Joint Committee on the NBN splits, as National Party member sides with opposition

mathew42
FAIL

Re: >80% connecting at 25Mbps or slower

> So apparently supply speeds of 100Mbps and giving consumers choice on hiw fast they want to pay for is some how in your delusional frame of mind creating a digital divide.

There is a key distinction between 'want' and 'can afford'. Most people in Australia would enjoy driving a luxury European car, but very few can afford it. Labor's speed tiers have as Labor expected, created a digital divide of >80% on 25Mbps or slower and a shrinking percentage (14%) on 100Mbps.

Based on your argument the availability of technology change removes the issue, because if you want to pay for it you can :-).

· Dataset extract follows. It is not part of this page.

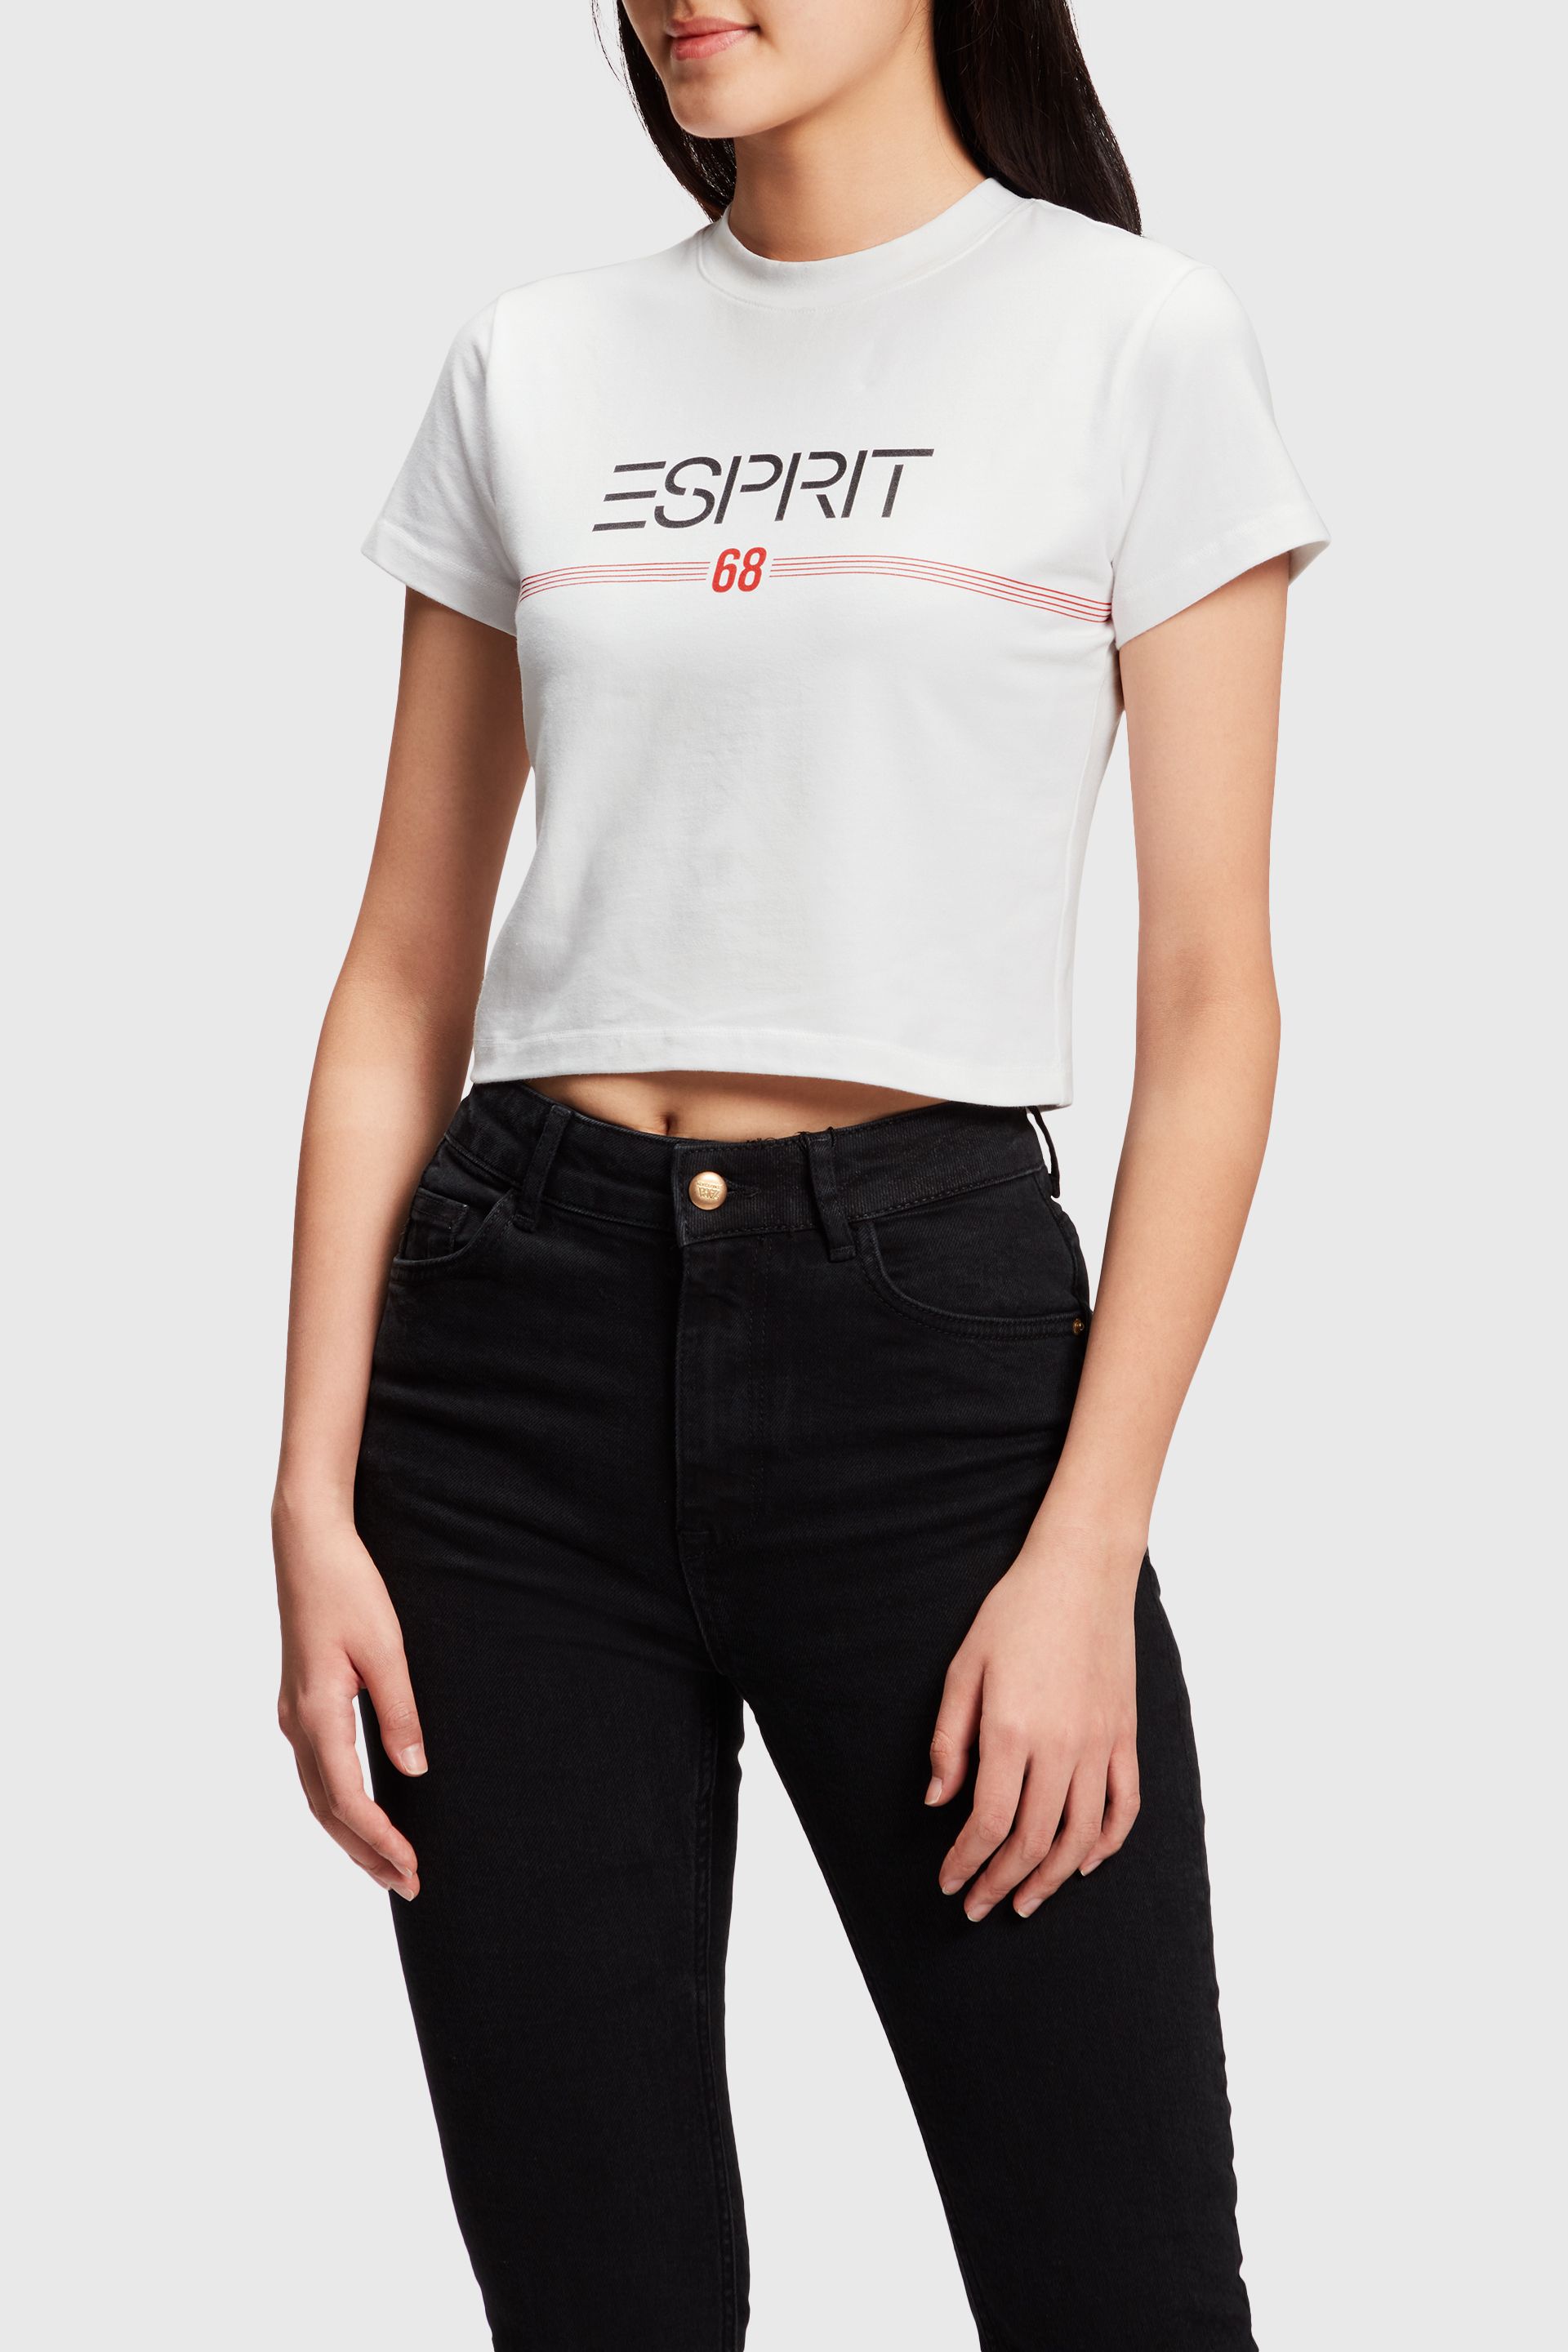 ESPRIT x Rest & Capsule Cropped T-shirt Esprit Store

> So as i have shown you with very simple maths that more peple on higher teirs under fttp generates more revune. But alas you have chosen to ignore that simple fact and claim its CVC cost is the revune stream lol. Considering your delisional in think cvc cost is supplying most of the revenue when it only supplies 30%

You can massage numbers to come up with the desired numbers. What doesn't change and you have consistently ignored is that Labor explicitly stated in the NBNCo Corporate Plan that their stated intention was for NBNCo to derive an increasing portion of revenue from CVC because they in my opinion correctly forecast that increased use of streaming technologies would lead to higher demand. The great advantage of this is that data growth is organic (quota exceeded), where as moving up a speed tier requires a decision by the customer.

> The fact your compare mtm figures vs fttp figures which hasnt change much at all since 2013 who knows what it would be now.

Umm... We do know what it would be today, because NBNCo / ACCC release quarterly figures broken down by technology which show no growth in those prepared to pay for faster speeds.

> So it only doubles once how many times does FTTP doubles our country speed?

Thanks to Labor's speed tiers resulting in >80% on 25Mbps or slower the NBN hasn't delivered the benefits that 1Gbps could have delivered. As you are well aware if speed tiers were removed on the FTTN network it would have a higher average speed than FTTP with Labor's speed tiers.

I don't dispute that 1Gbps could have delivered significant economic and social benefits, however not when Labor intended for <1% to have 1Gbps in 2026.

Delusional are fibre fanbois believing that Labor was building a 1Gbps network for them, unless of course they were in the elite 1%. But then if you were in the elite 1% technology change wouldn't be a significant expense. Delusional is ignoring the evidence that >80% of Australians have decided to select 25Mbps or slower.